__Input data__:
┄┄┄┄┄┄┄┄┄┄
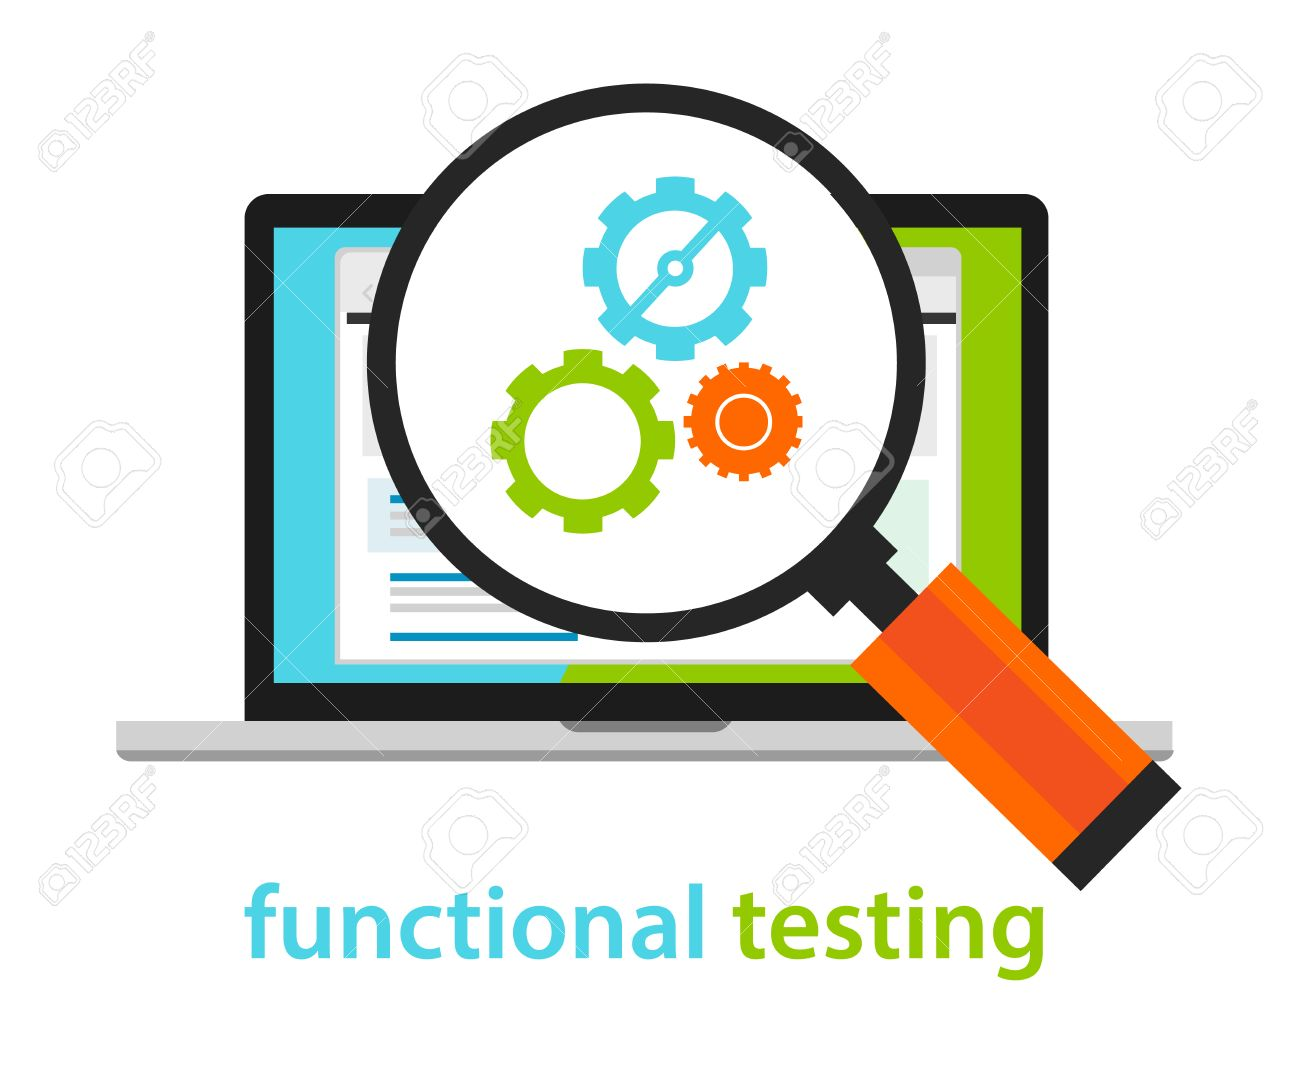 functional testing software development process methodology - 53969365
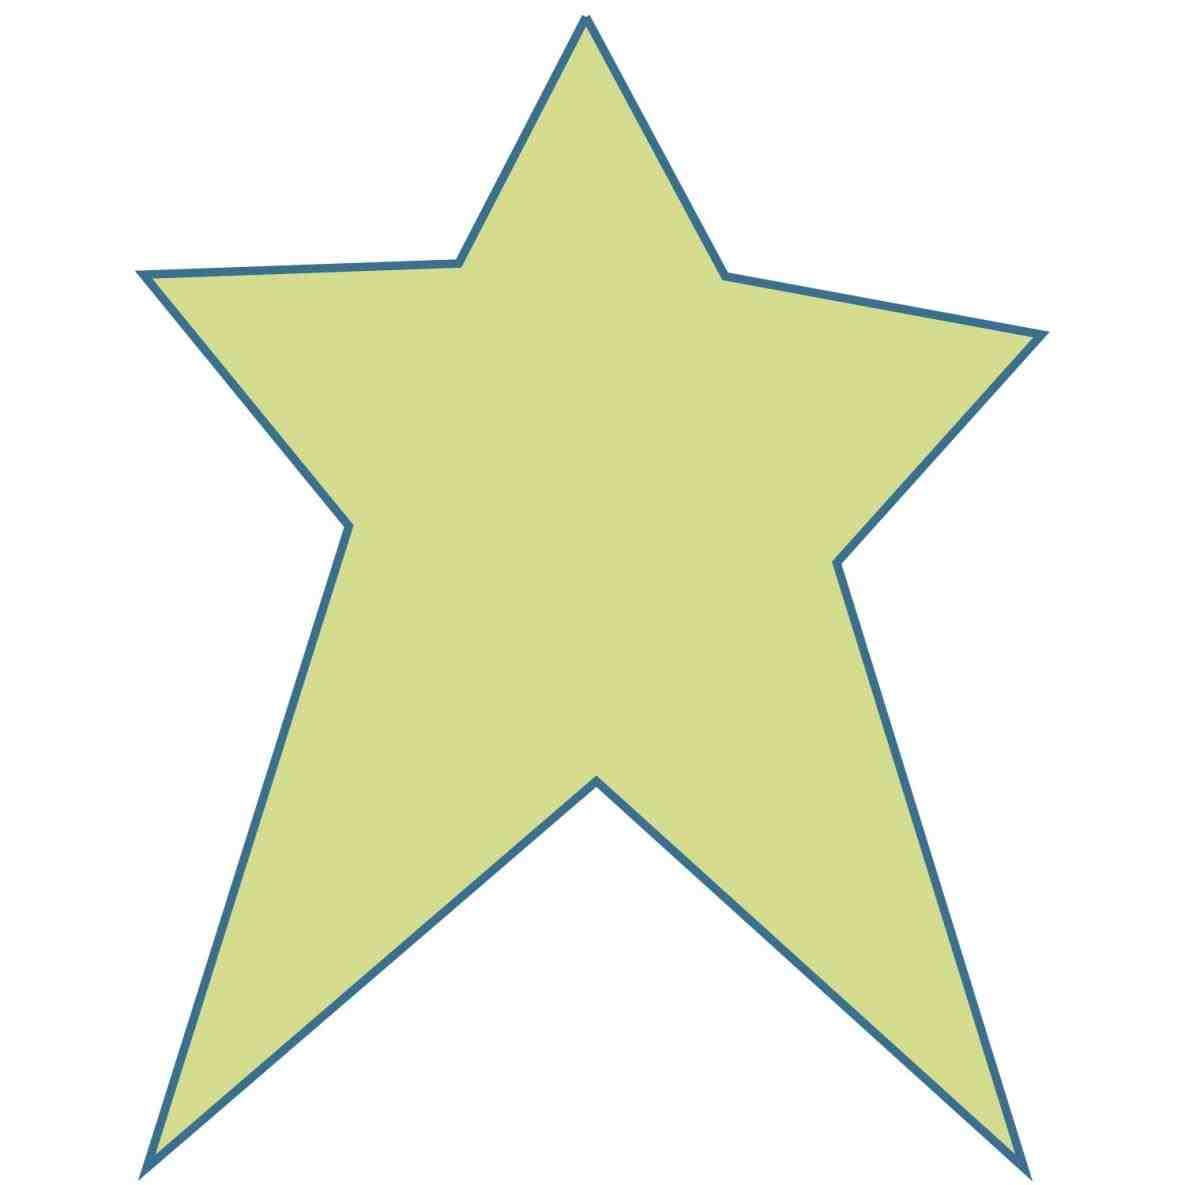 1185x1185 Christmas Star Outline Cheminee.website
┄┄┄┄┄┄┄┄┄┄
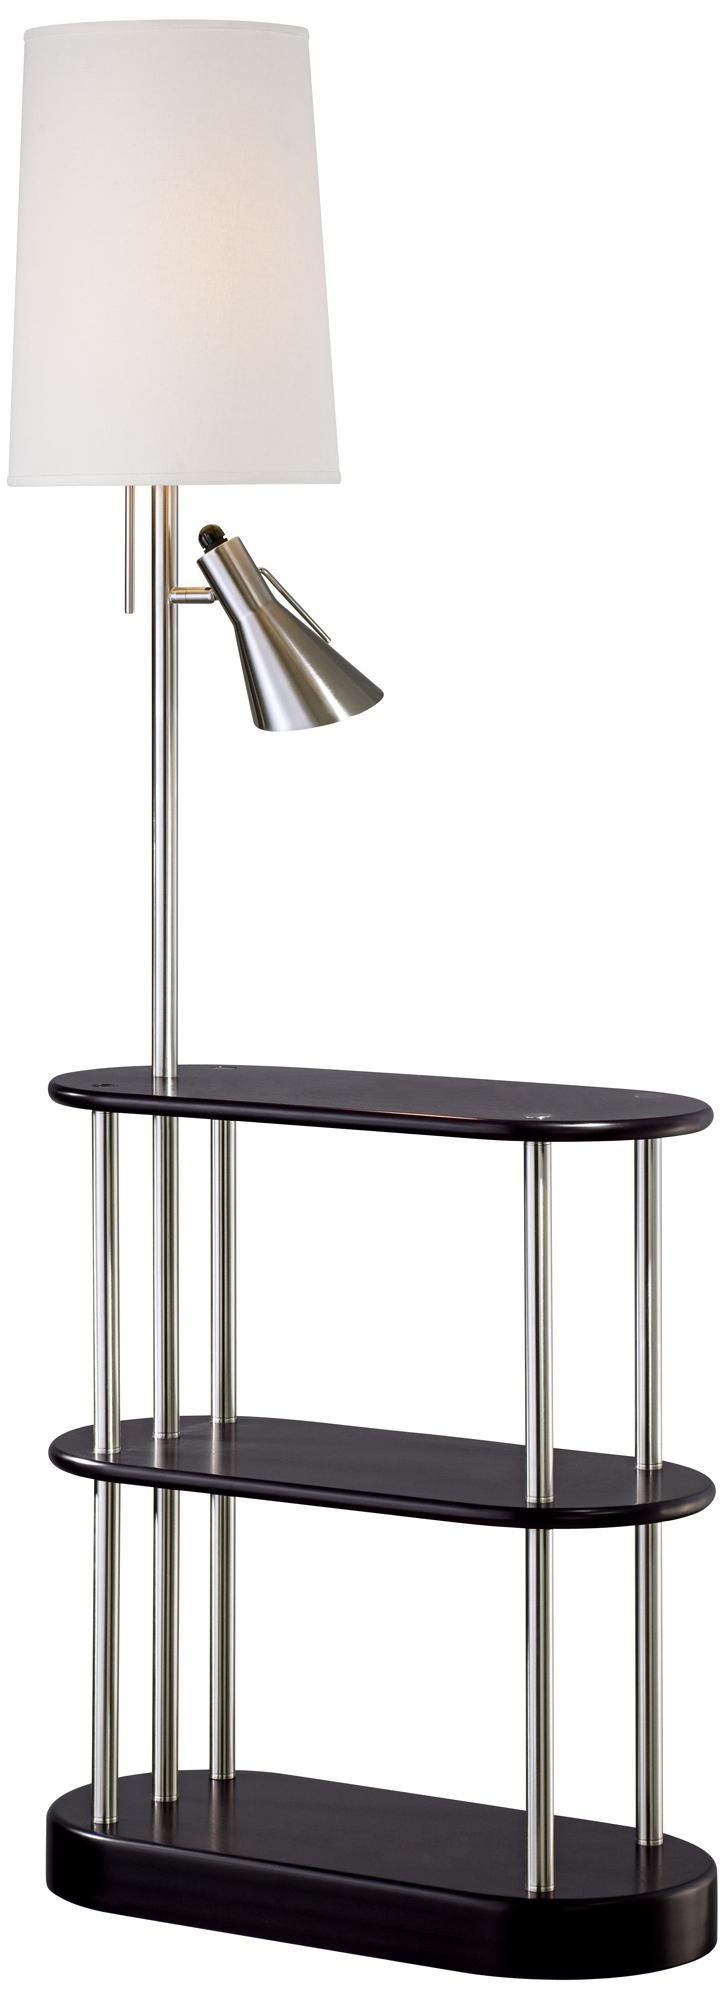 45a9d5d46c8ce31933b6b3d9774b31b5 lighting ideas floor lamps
┄┄┄┄┄┄┄┄┄┄
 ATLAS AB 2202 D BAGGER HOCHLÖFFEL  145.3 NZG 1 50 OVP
┄┄┄┄┄┄┄┄┄┄
__Work request__:
Within the entries above, the lines from the one containing "functional testing software" through the one containing "1185x1185 Christmas Star" are to be transcribed exactly, ends included, pictures excluded.

__Response to the task__:
 functional testing software development process methodology - 53969365
 1185x1185 Christmas Star Outline Cheminee.website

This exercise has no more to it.